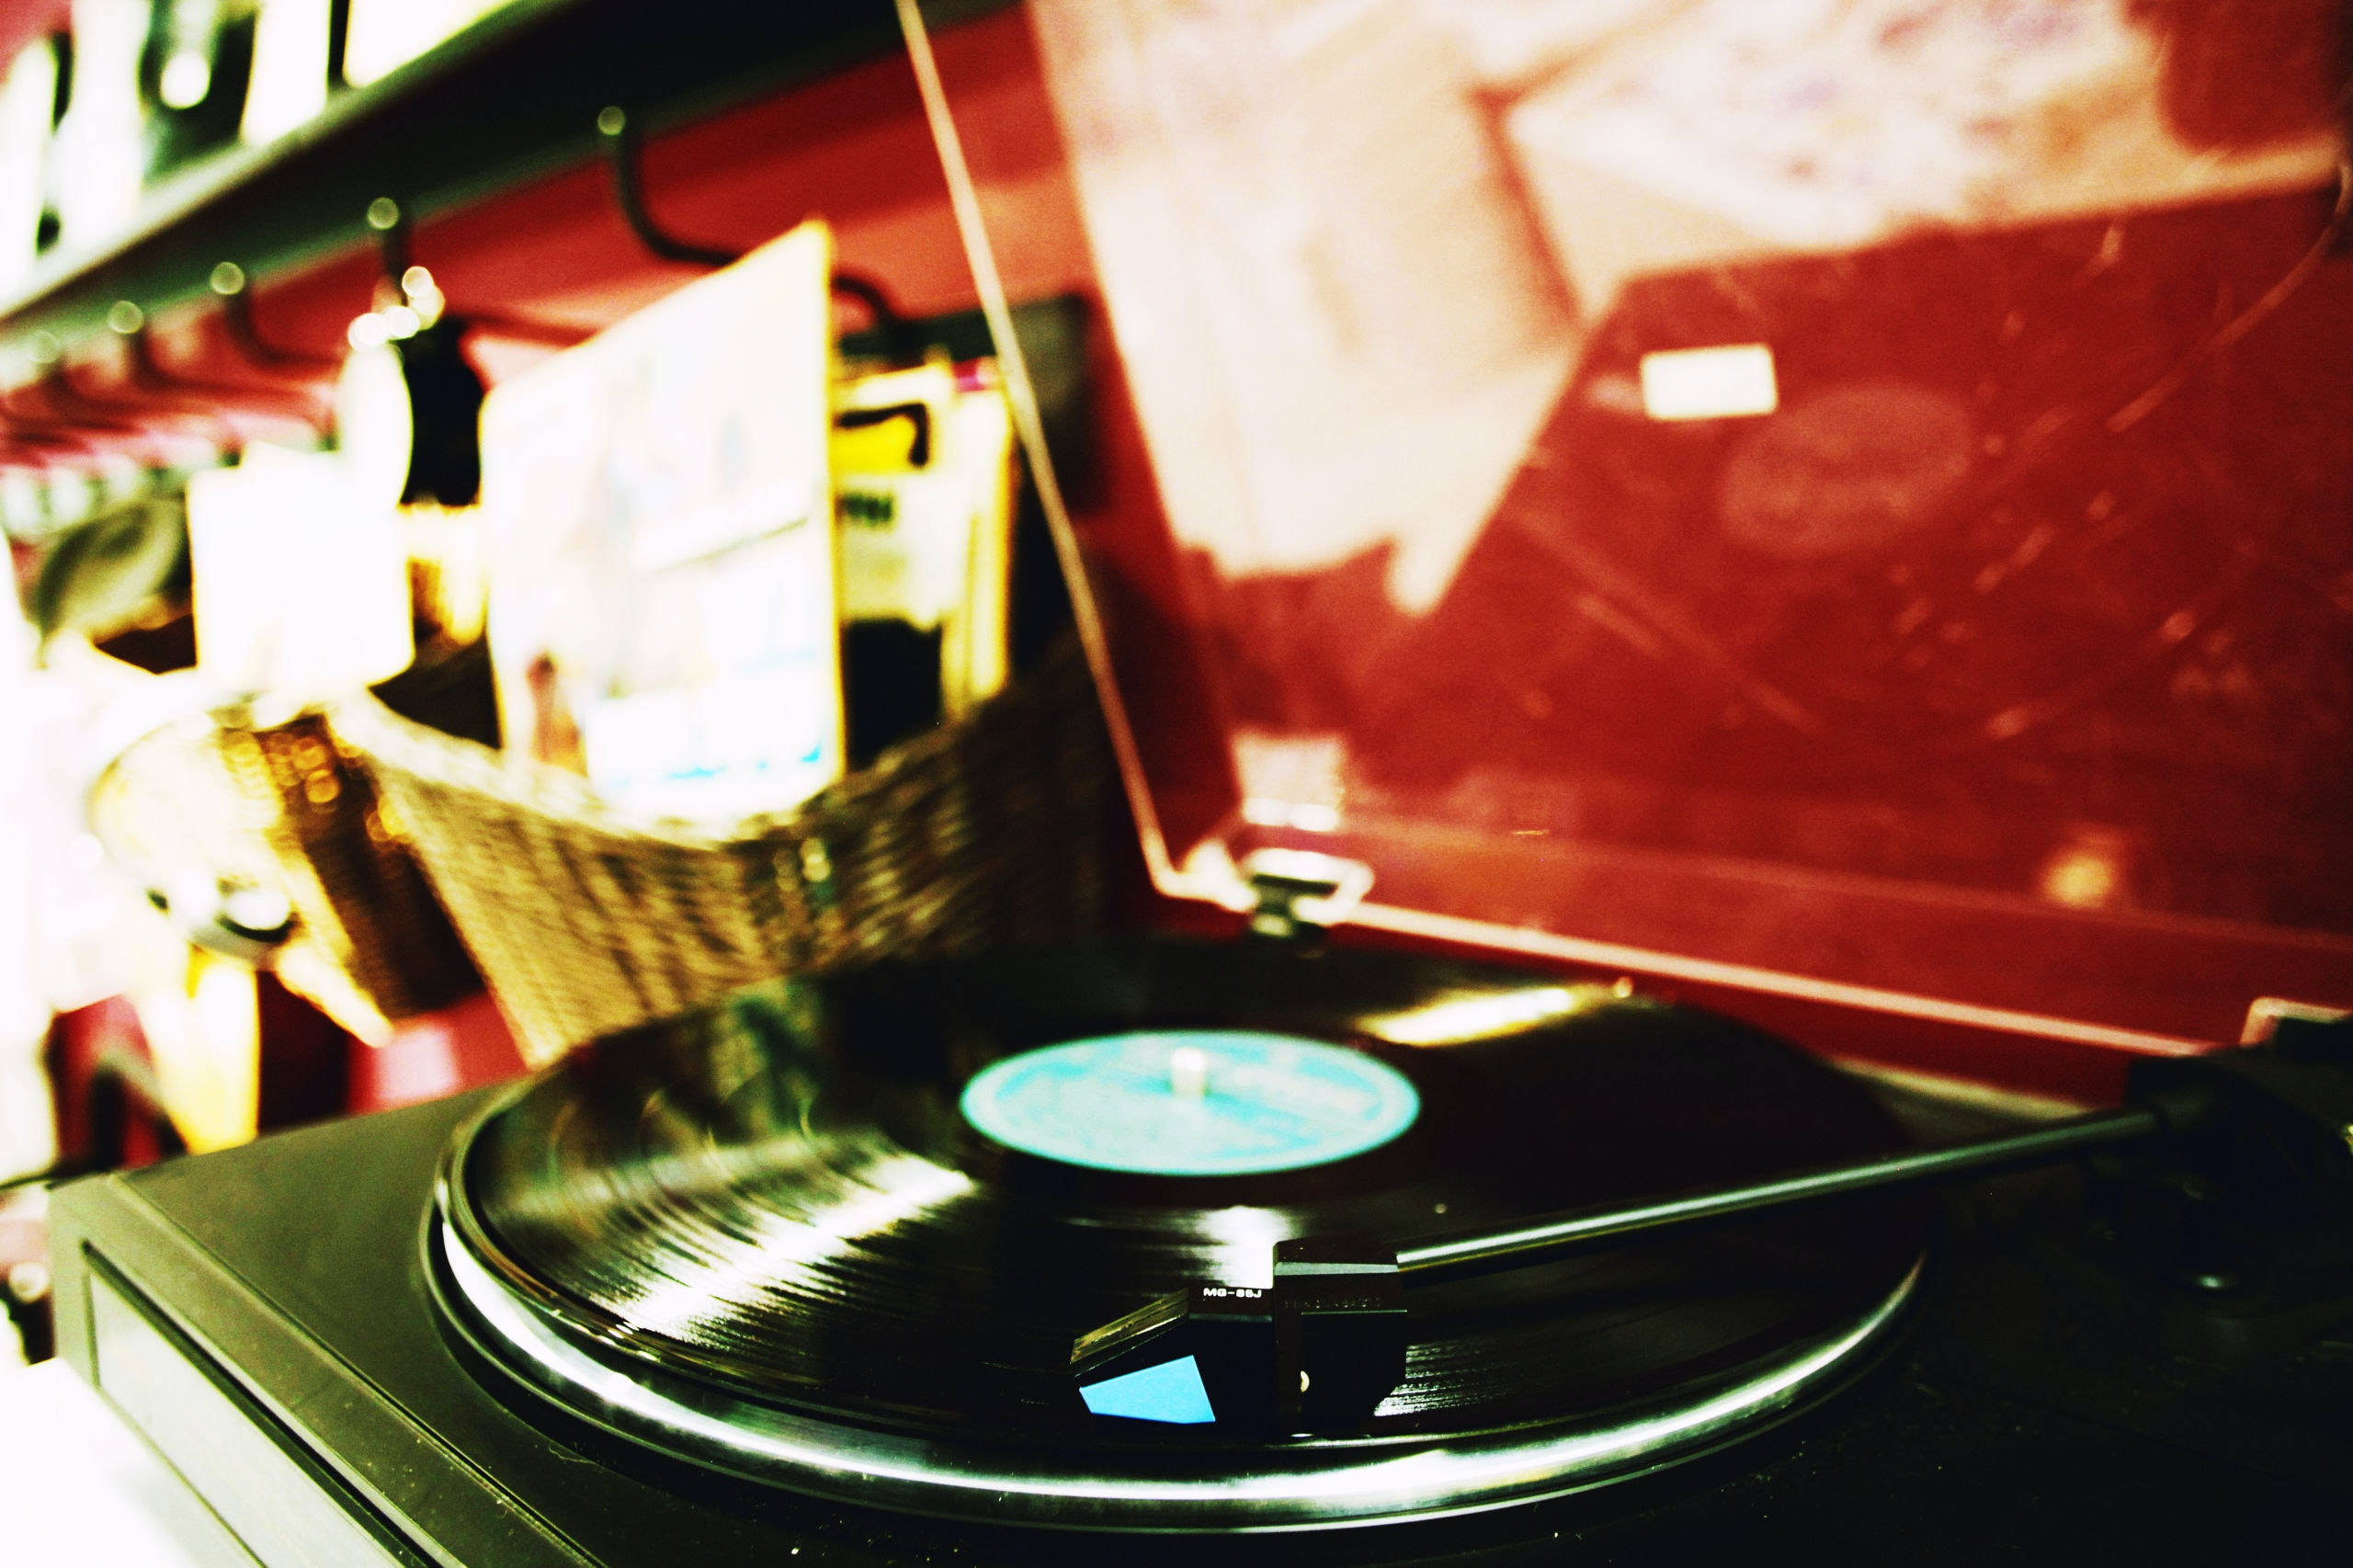 Nederland 03-09-2017  Plaatjes draaien op een pickup. Een langspeelplaat, ook wel vinylplaat genoemd, vaak afgekort tot lp of elpee, is een van vinyl gemaakte grammofoonplaat van 30 cm (12 inch) diameter, die aan elke kant ruimte biedt voor maximaal 30 minuten muziek. Sinds het begin van de jaren 2010 maakt de lp een kleine, maar groeiende opmars, mede door een heropleving van vinyl in de hiphop en dance-scenes. Ook zou de kwaliteit van het geluid van lp's beter zijn dan andere muziekdragers, zoals een cd of digitaal. Foto: Richard Brocken/Hollandse Hoogte
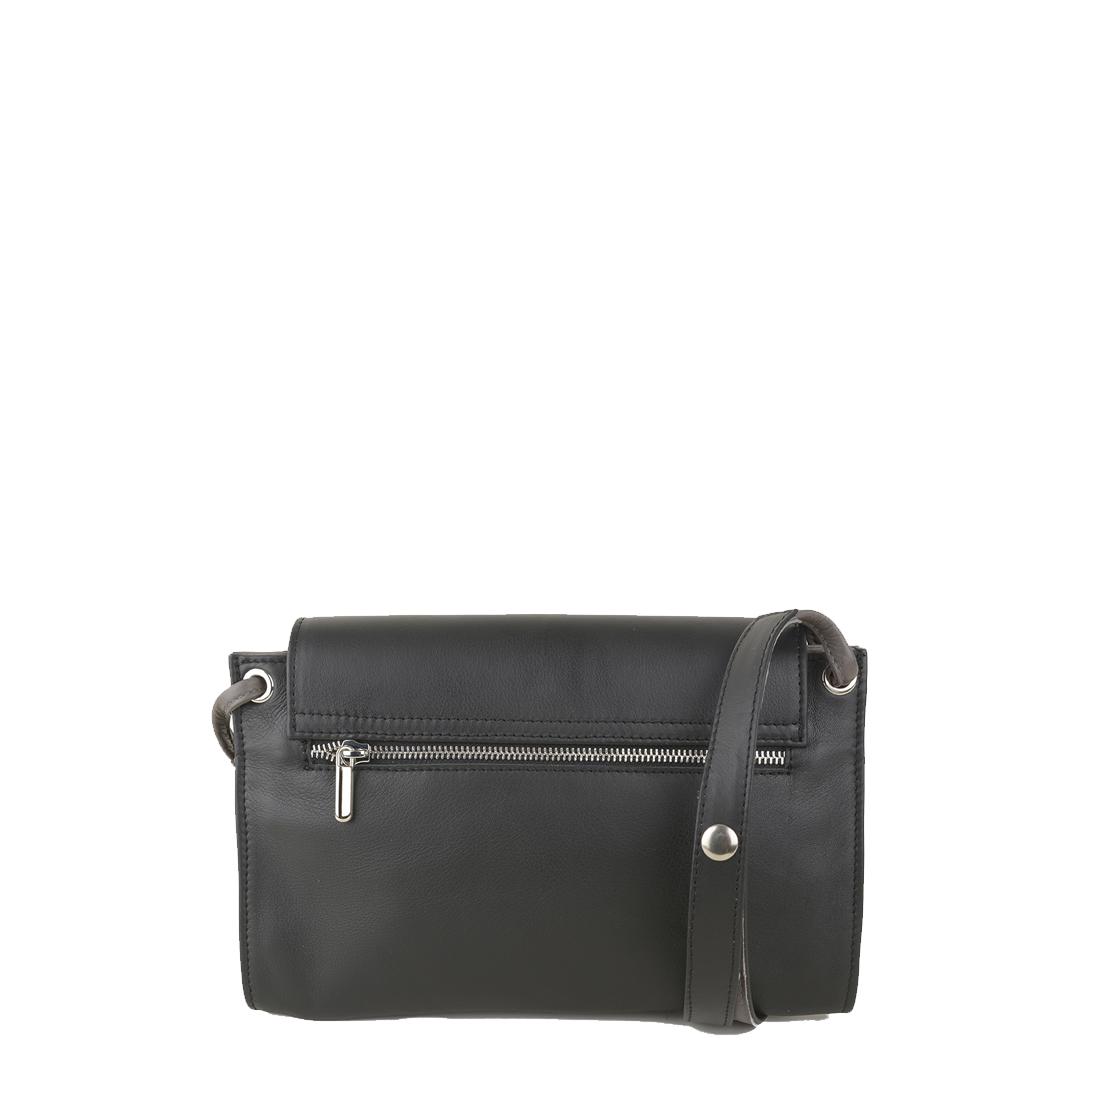 Isobel Black Grigio Leather Across Body Bag
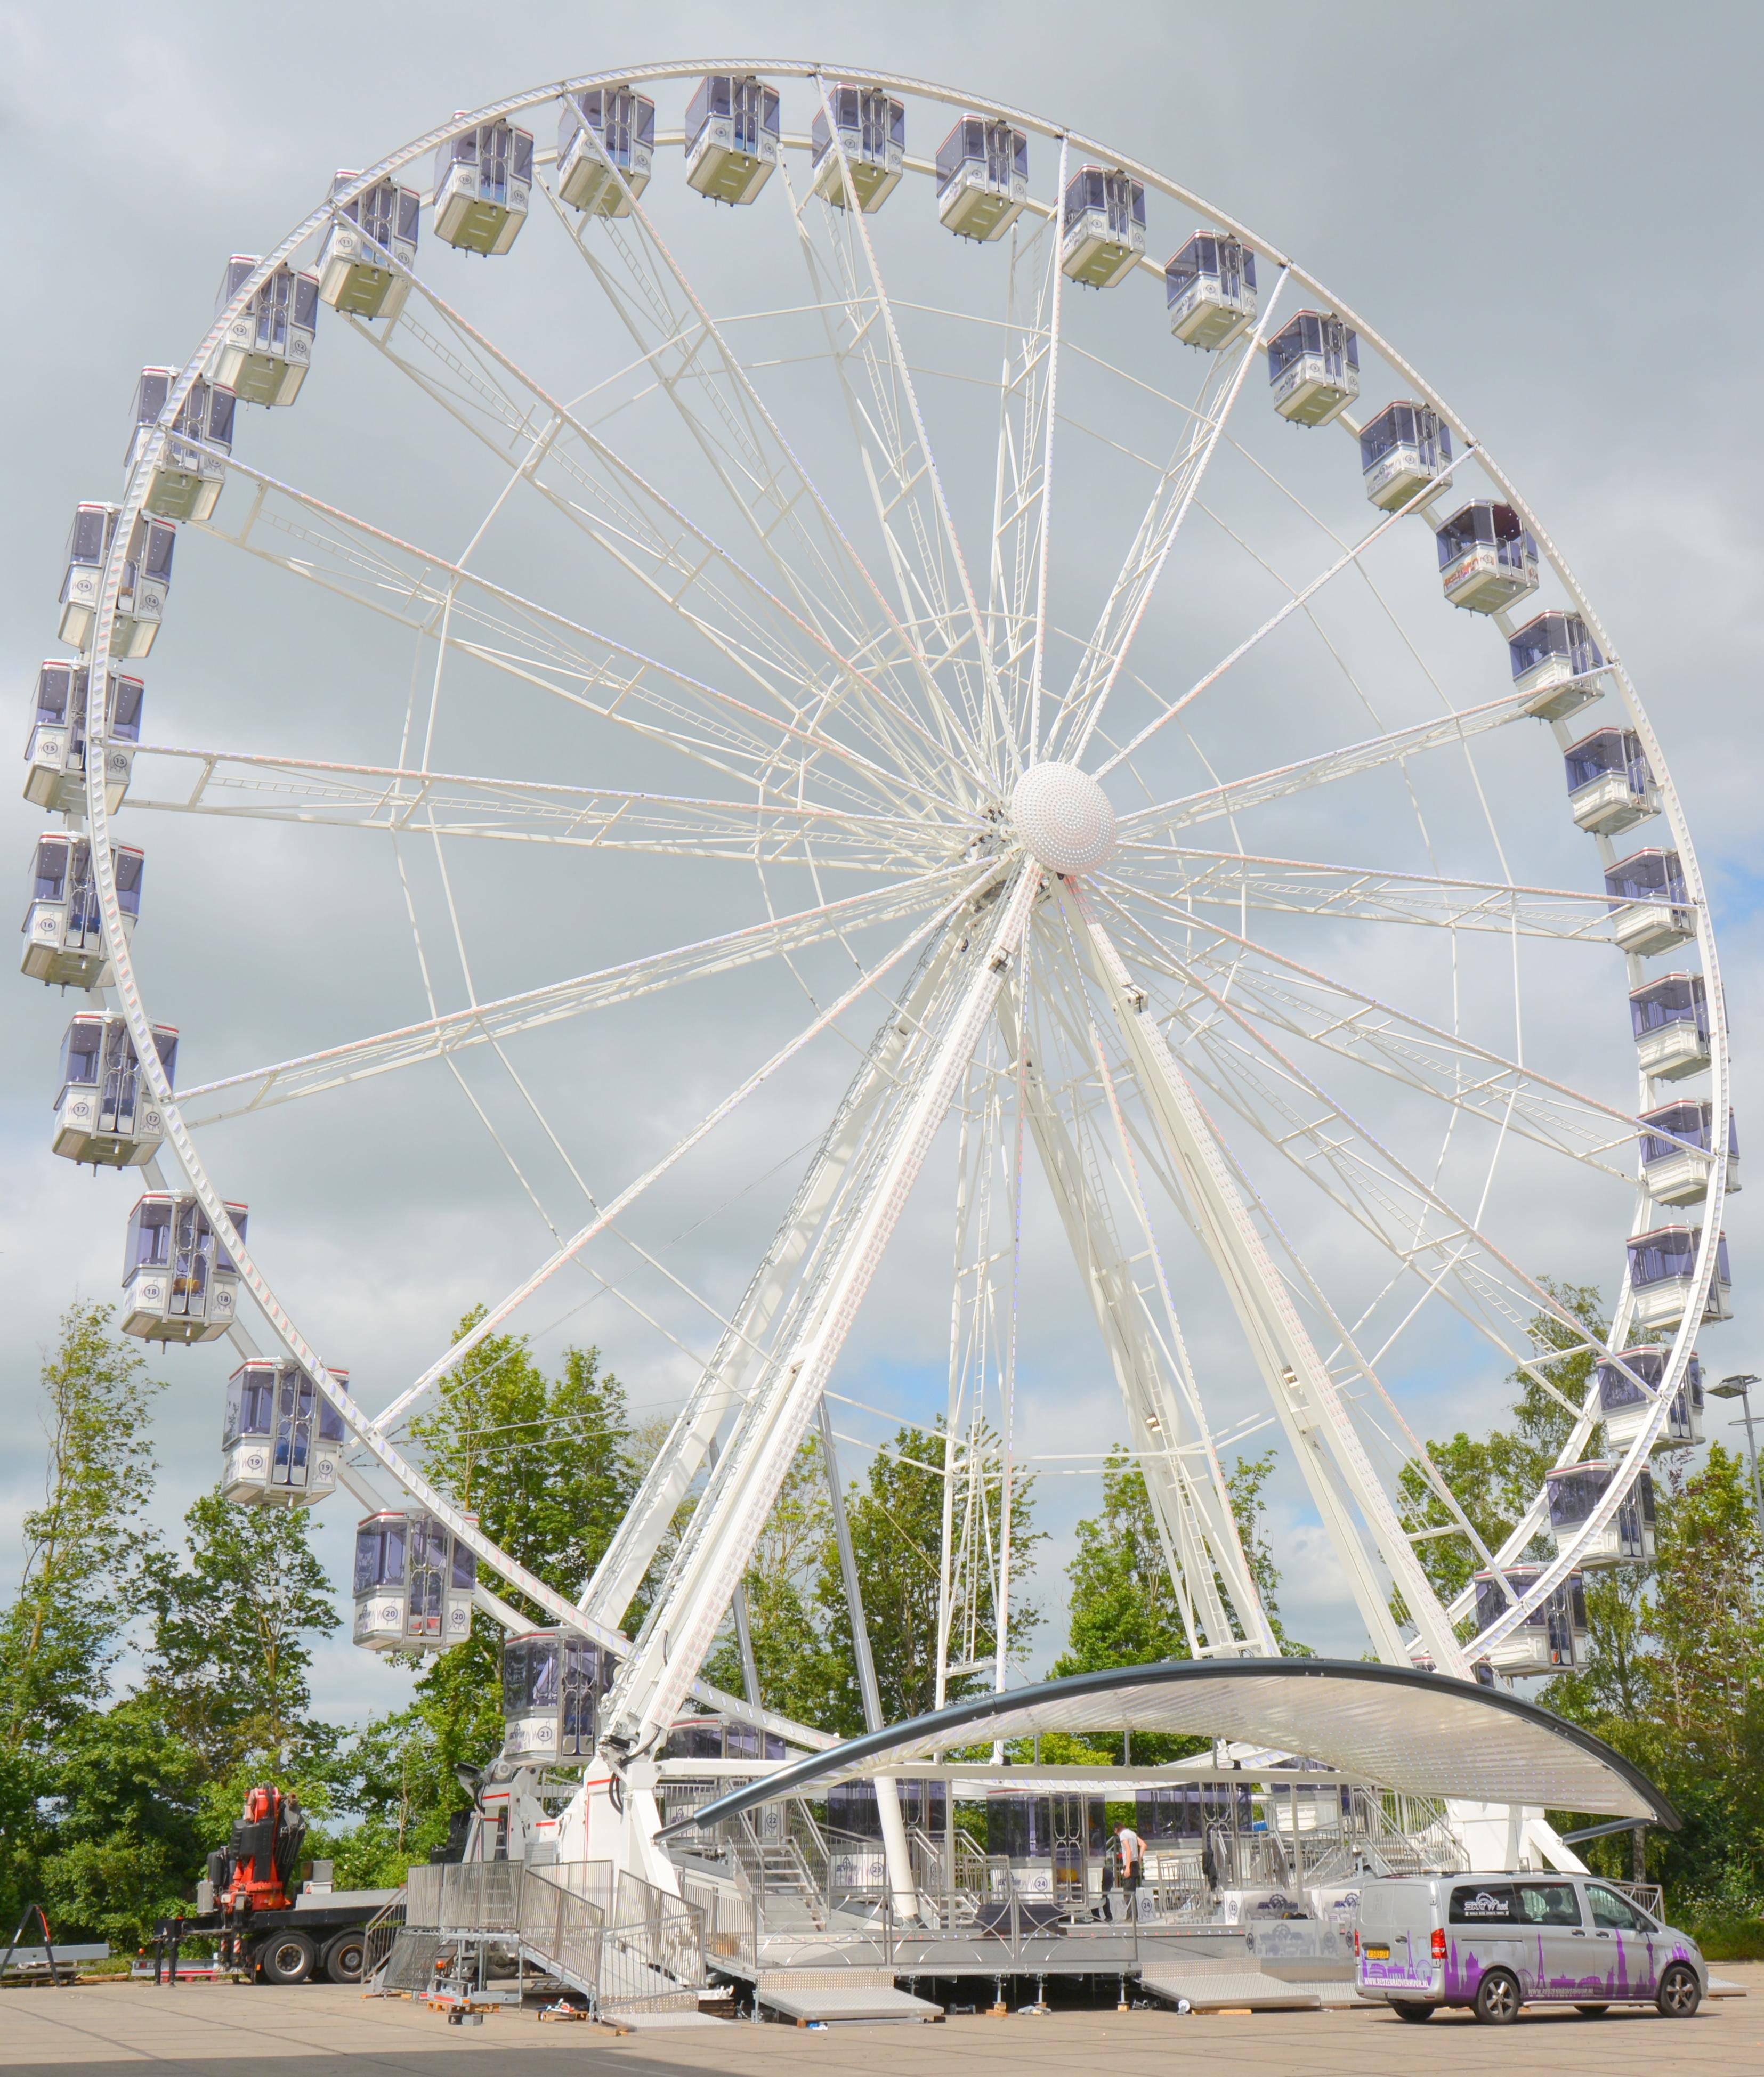 Gigantisches Riesenrad auf VSE gelenkter Sattelanhänger!

**THE PROBLEM:** Once the pictures have been removed, reproduce each line of the material above exactly.

**SOLVED PROBLEM:**
 Nederland 03-09-2017  Plaatjes draaien op een pickup. Een langspeelplaat, ook wel vinylplaat genoemd, vaak afgekort tot lp of elpee, is een van vinyl gemaakte grammofoonplaat van 30 cm (12 inch) diameter, die aan elke kant ruimte biedt voor maximaal 30 minuten muziek. Sinds het begin van de jaren 2010 maakt de lp een kleine, maar groeiende opmars, mede door een heropleving van vinyl in de hiphop en dance-scenes. Ook zou de kwaliteit van het geluid van lp's beter zijn dan andere muziekdragers, zoals een cd of digitaal. Foto: Richard Brocken/Hollandse Hoogte
 Isobel Black Grigio Leather Across Body Bag
 Gigantisches Riesenrad auf VSE gelenkter Sattelanhänger!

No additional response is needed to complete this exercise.